Случилось это два года назад. Я возвращался на «букашке» — так назывался маршрут «Б» — с Таганской площади, где в то время находился спецмагазин, в котором отоваривались наши карточки. На Коровьем валу сошел. Сунул руку в карман и обмер — нет карточек. Метнулся в одну сторону, в другую. Трамвай прогромыхал мимо. Я увидел парня в малокозырке, который, кося на меня глазом, ухмылялся, показывая металлический зуб. «Он», — подумал я и помчался за трамваем. Но разве догонишь трамвай? «Букашка» пересекла Октябрьскую площадь, покатила под гору к ЦПКиО имени Горького.
Как мы дожили до конца месяца, лучше не вспоминать…
Я не свожу с парней, шныряющих по площади, настороженного взгляда. Ведут себя эти парни нагло: ощупывают чужие «сидора», совещаются. На мой вещмешок внимания не обращают — такой он тощий.
Один из парней — плотный, с короткой шеей, с виду он добродушный, покладистый. У другого — тонкие губы, опухшее лицо, мешки под злыми, колючими глазами. Называют парни друг друга по фамилиям. Запоминаю на всякий случай: с короткой шеей — Ярчук, опухший — Фомин.

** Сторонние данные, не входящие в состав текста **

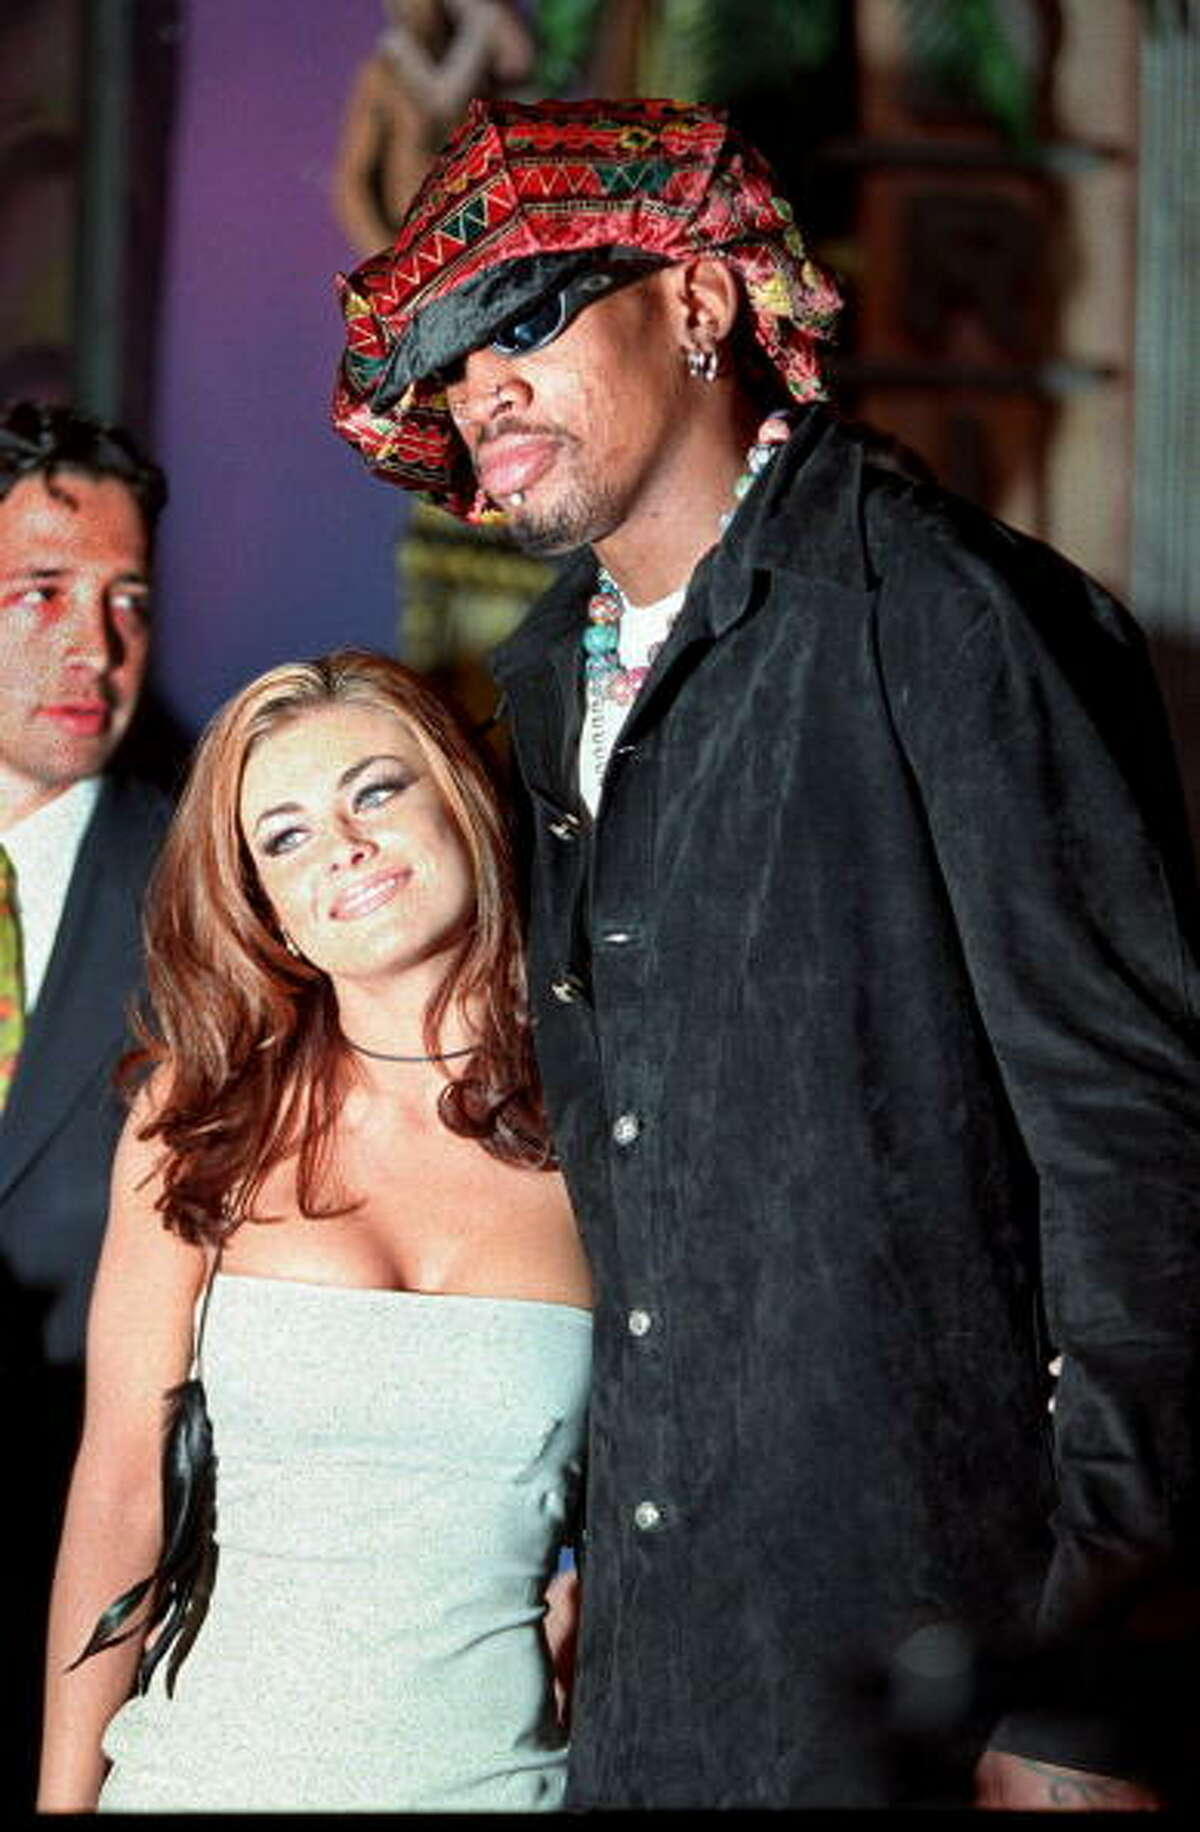 Carmen Electra and Dennis Rodman: 6 Days (1998)
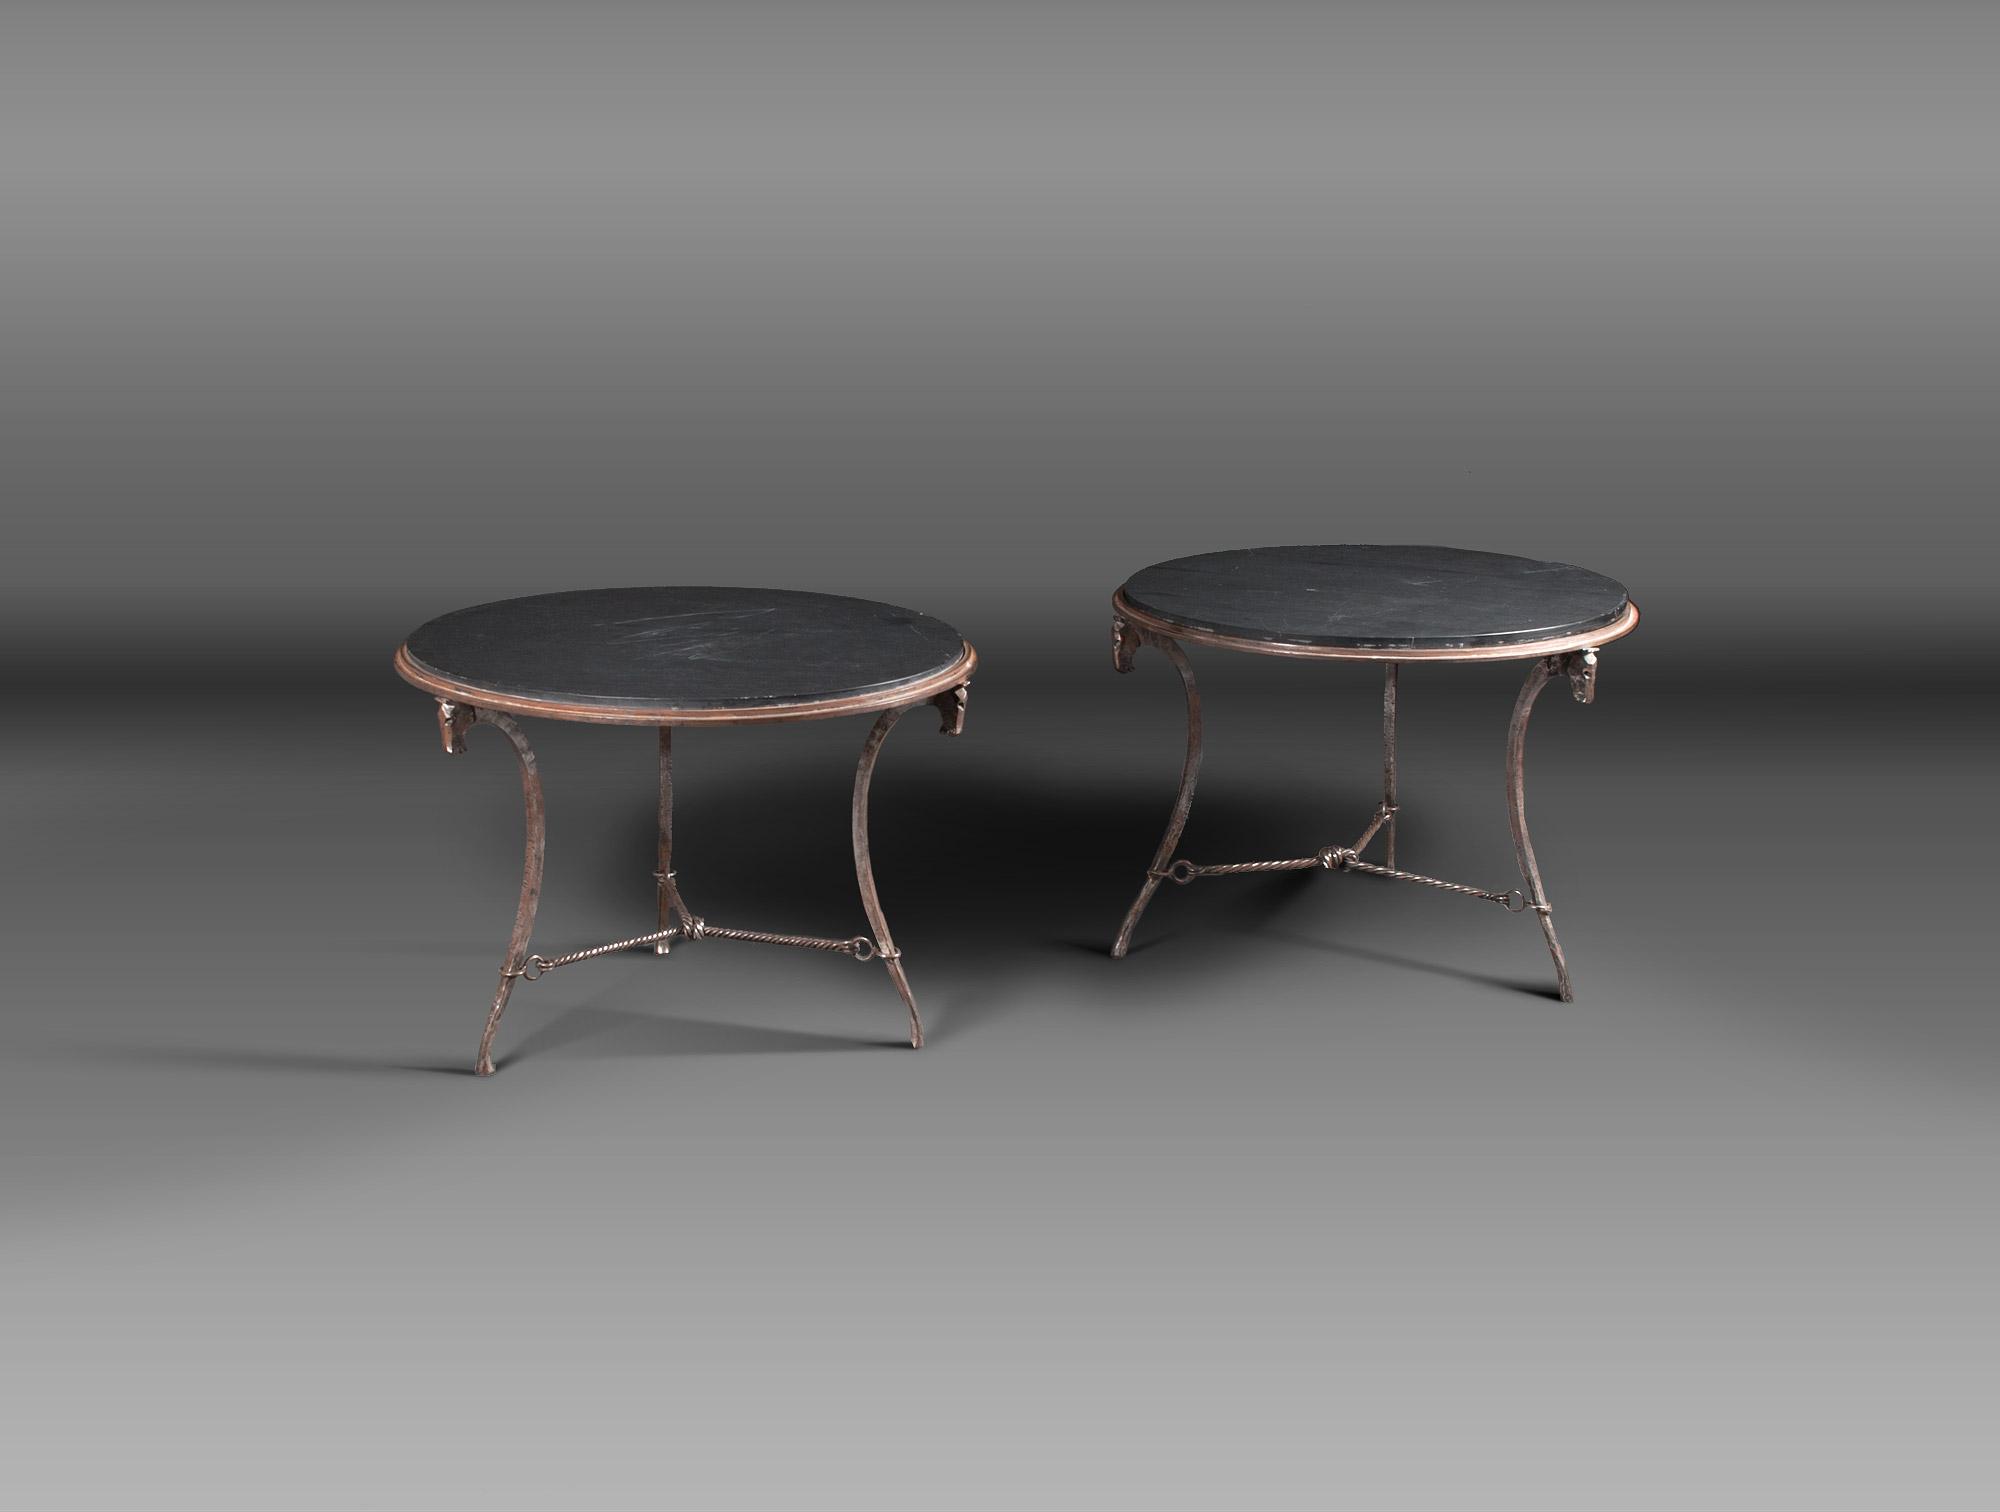 Fantastic Pedestal Wrought Iron And Slate Soubrier Rent Tables Desk Beatyapartments Chair Design Images Beatyapartmentscom

Парней провожают девушки. Одна из них в беличьем манто, в меховой шапочке, кокетливо сдвинутой набок, напоминает мне Катюшу Маслову — перед отъездом я прочитал «Воскресение». Украдкой посматриваю на эту девушку.
— Нравится маруха?
Оглядываюсь — Фомин.
— На Катюшу Маслову похожа, — отвечаю я.
— На кого, на кого? — Брови у Фомина сдвигаются.
Я сбивчиво объясняю, кто такая — Катюша Маслова.
Фомин подзывает девушку, снисходительно говорит ей:
— Слышь-ка, эта верста втюрилась в тебя.
Девушка ласково улыбается, протягивает мне руку:
— Зина.
— Георгий.
— Жора, значит?
— Можно и так, — соглашаюсь я и думаю: «Какая у нее приятная, мягкая ладонь. Будто бархат».
Подруга Зины — густо напудренная, словно вываленная в муке, девица с ярко накрашенным ртом, в распахнутом пальто, из-под которого виднеется тельняшка, неплотно облегающая ее рыхлое тело, — развязно спрашивает:
— А я тебе нравлюсь?
— Нет.
В Зининых глазах — смешинки.
— Нельзя так говорить женщинам, — учит она. Голос у нее густой, красивый.
— Но ведь это же правда! — возражаю я.
— Тем более нельзя! — Зина смеется. Напудренная девица морщит носик, похожий на кнопку, говорит Ярчуку:
— Врежь ему!
Я напрягаюсь, ожидая удара.
— Не смей! — Зина смотрит на Фомина. Тот советует своему приятелю не связываться…
4
Наш вагон напоминал бочку, набитую селедками. На верхних полках размещались по двое. Моим соседом оказался поджарый парнишка с тонкой, как стебелек, шеей, с большими, словно плошки, глазами, острым подбородком.
— Давай знакомиться, — сказал парнишка. — Николай Петров я. Фамилия, как видишь, самая обыкновенная.
Я назвал себя.
Лежа на полке, мы молчали. Меня терзал голод. Глядя в окно на уплывающий перрон, я думал о превратностях судьбы: «Был хлеб, а теперь нет его». Представил себя убитым. Зоя и мать плакали, называли меня Жориком, совали мне хлеб, сахар и даже пироги.
Я еще не решил, как поступить с ними, пирогами: то ли ожить и сразу съесть их, то ли подождать, но в это время Петров спросил:
— Шамать хочешь?
— Спасибо, сыт, — проворчал я.
Колька хохотнул:
— Брось врать-то. Свой паек ты уже сшамал — сам видел. А у меня пищи разной — полон «сидор». Коржики есть и сало.
Я испытал такой приступ голода, что не смог сдержаться.
— Угощай, коли так!
Съев кусок сала, поблагодарил Кольку и отвернулся, показывая, что я-де человек воспитанный, объедать других не привык.